RSM Global

5 things middle market companies need to know about renewable energy

Based on David Bartlett's recent article: Global trends in renewable energy

There has been a significant shift in the renewable energy market over the last ten years. Previously, the incremental development and high costs of renewable energy discouraged growth in the industry, but in recent times, advancements in the commercial and technological arena have transformed the landscape. Now, renewables are competing on a similar scale to fossil fuels for global investment. Between 2006 and 2015, investment in renewable energy totalled $2.2 trillion.

These developments are of particular interest to middle market companies – constantly striving to uncover the next stage of growth, despite tough economic headwinds. With the potential to be more agile and adaptable than larger organisations, middle market businesses can quickly take advantage of the investment opportunities – locally, as well as on a global scale. 

Outlined below are the five key components of the renewable energy market that we think middle market companies should be attuned to and we hope will provide inspiration for their business strategies.
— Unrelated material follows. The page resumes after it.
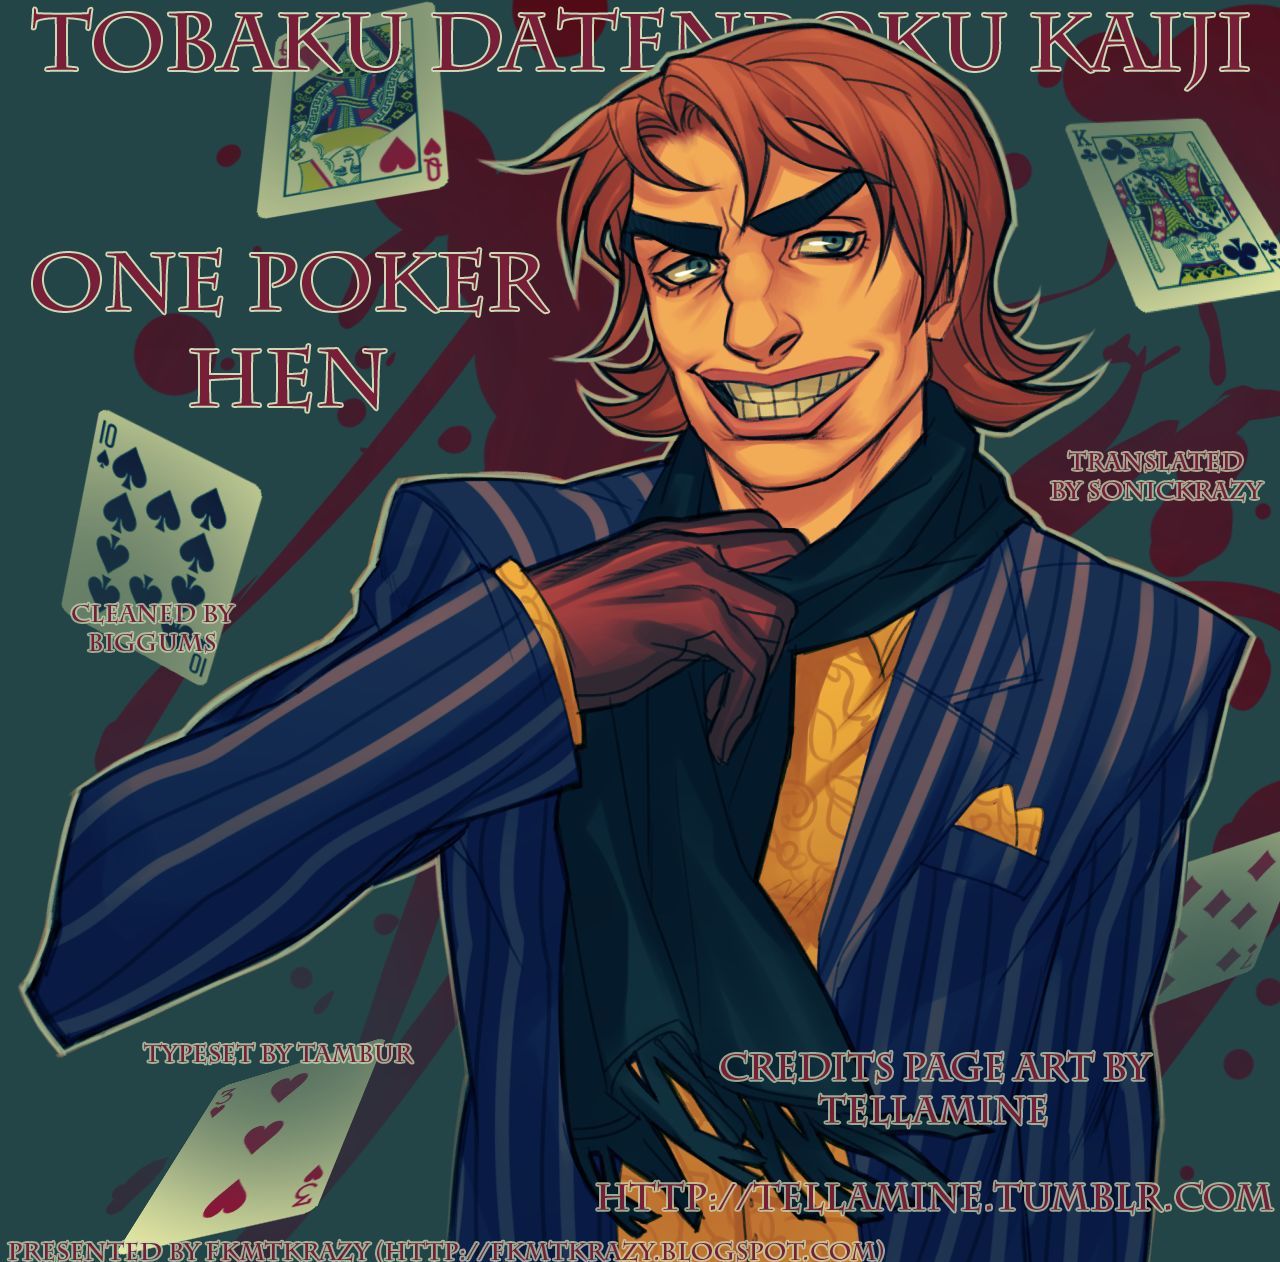 Tobaku Datenroku Kaiji - One Poker Hen 226

1. Solar and wind are driving the renewable energy market

  • In 2015, solar represented 56% of global renewable energy investment and wind represented 38%. Solar power is the fastest growing renewable energy technology, growing by 12% over the previous year, while wind is growing at a more moderate rate, at 4% annually.
  • Many factors have drawn investors towards these areas including, technological developments, especially in wind turbines, blade designs and solar photovoltaic technology, which have boosted performance and reliability in both solar and wind power. Moreover, energy storage systems have improved and economies of scale that lower the cost of solar and wind energy have been realised. 

2. Hydropower represents the largest share of renewable energy capacity

  • Hydropower (61.3%) represents the largest share of renewable energy capacity, surpassing both solar and wind.
  • However, while hydropower has the largest share, it is the slowest growing of all renewable energy categories and holds substantial untapped potential. Environmental regulation, distances between upstream hydro sources, and the fact that much of the world’s non-utilised hydro resources are in politically unstable countries are some of the factors hindering the realisation of hydrocarbon’s full potential.
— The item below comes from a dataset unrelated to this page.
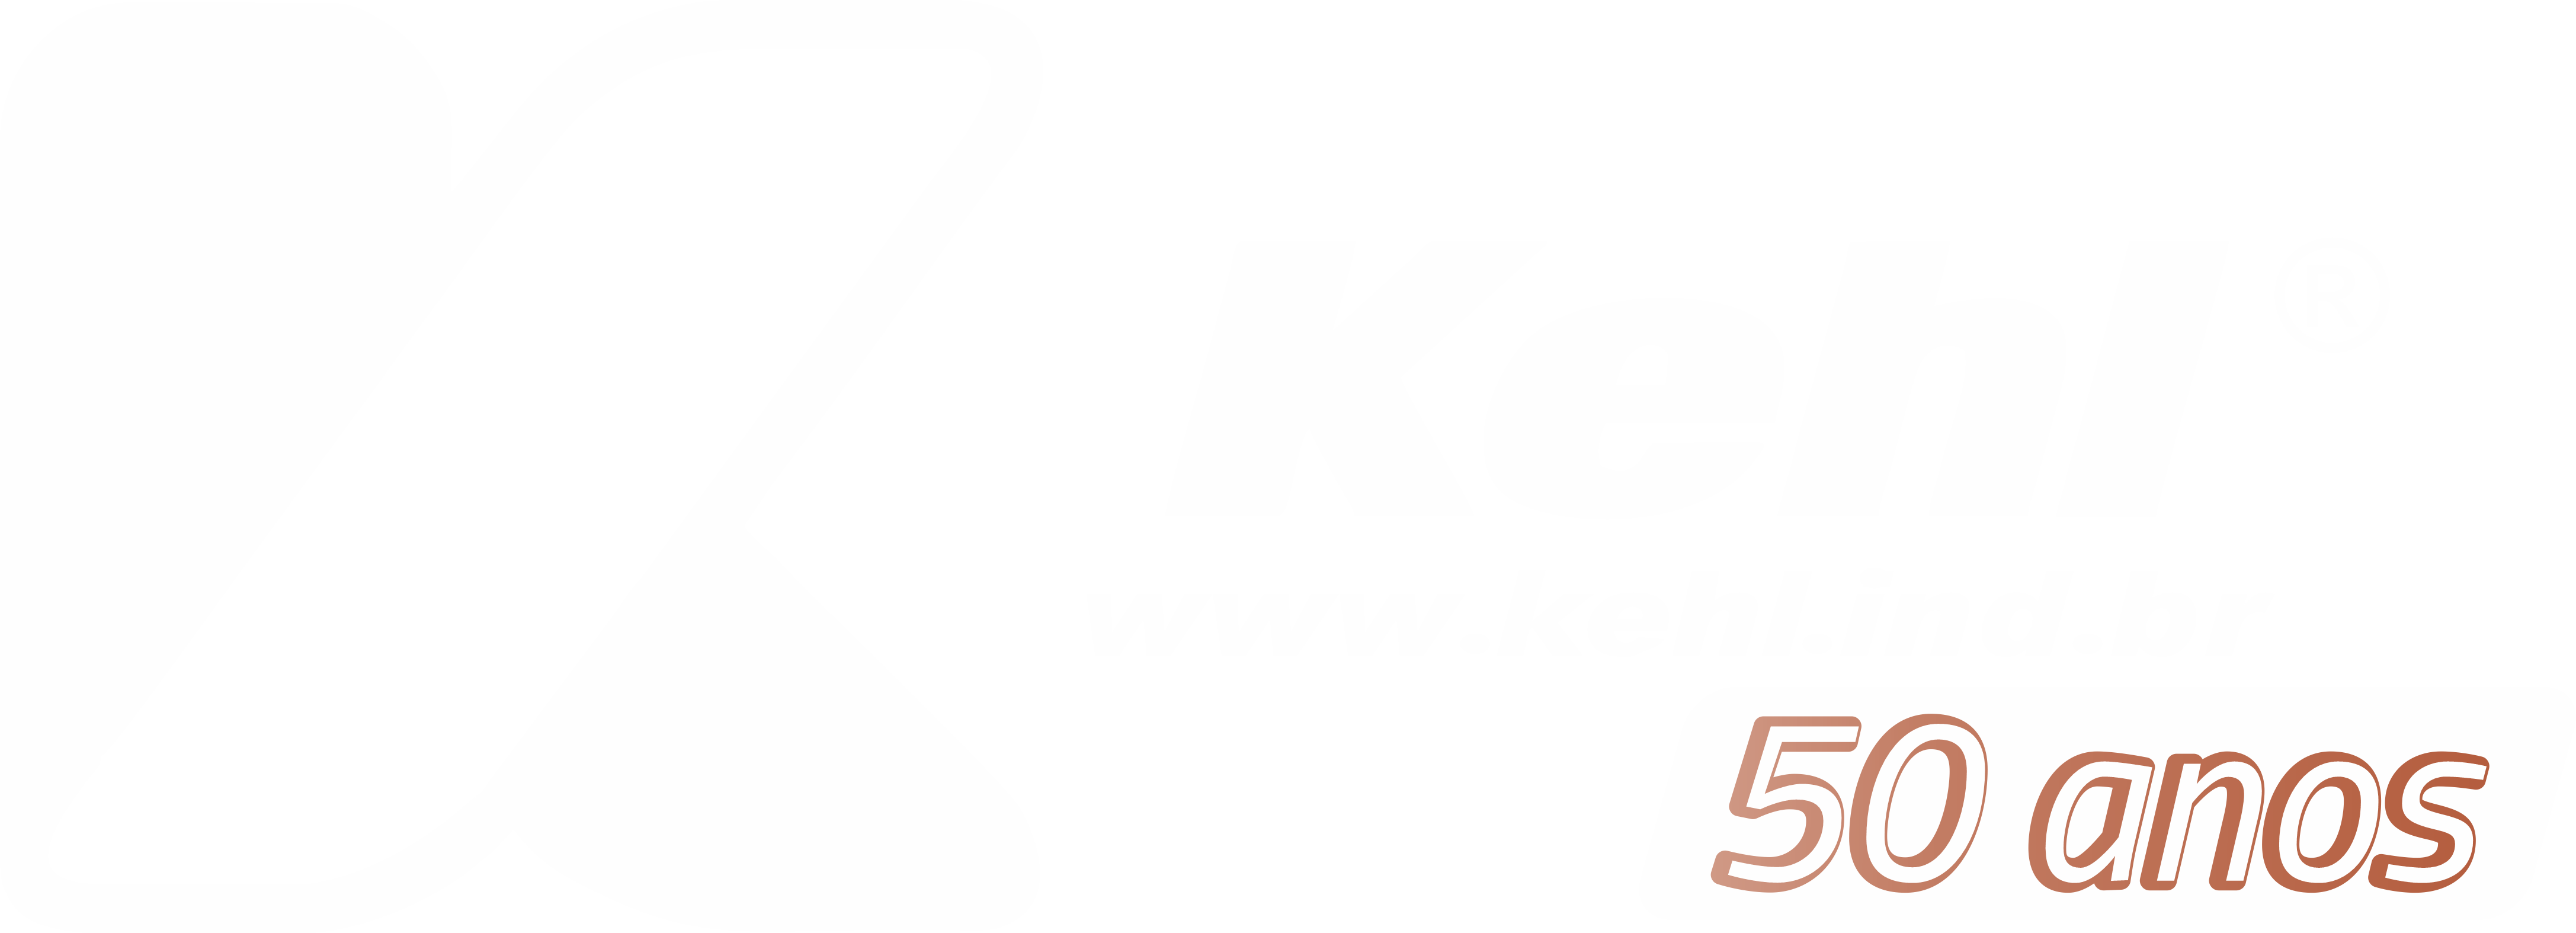 kehl1

3. China is the top renewable energy investor

  • China was the leading global investor in renewable energy in 2015, generating $102.9 billion or 36% of worldwide investments, significantly ahead of the U.S. at $44.1 billion. China also leads the charge in the technology category, landing the top spot in hydro, wind and solar power for installed capacity and third spot in bioenergy.

4. Emerging markets are leaders in renewable energy

  • Emerging economies, including Brazil, India, Thailand and Turkey, rank as global leaders in renewable energy. Together in 2015, emerging economies generated $156 billion in renewable energy investments and in doing so, surpassed advanced industrialised countries for the first time.
  • Emerging markets took advantage of many factors that allowed them to quickly move up the ladder in the renewable energy industry. First, they took advantage of opportunities to leapfrog the international technology curve, which allowed them to quickly adopt renewable energy technologies from developed economies. The rising cost competitiveness of renewable energy and the less regimented regulatory structures of developing countries also contributed to their ascent.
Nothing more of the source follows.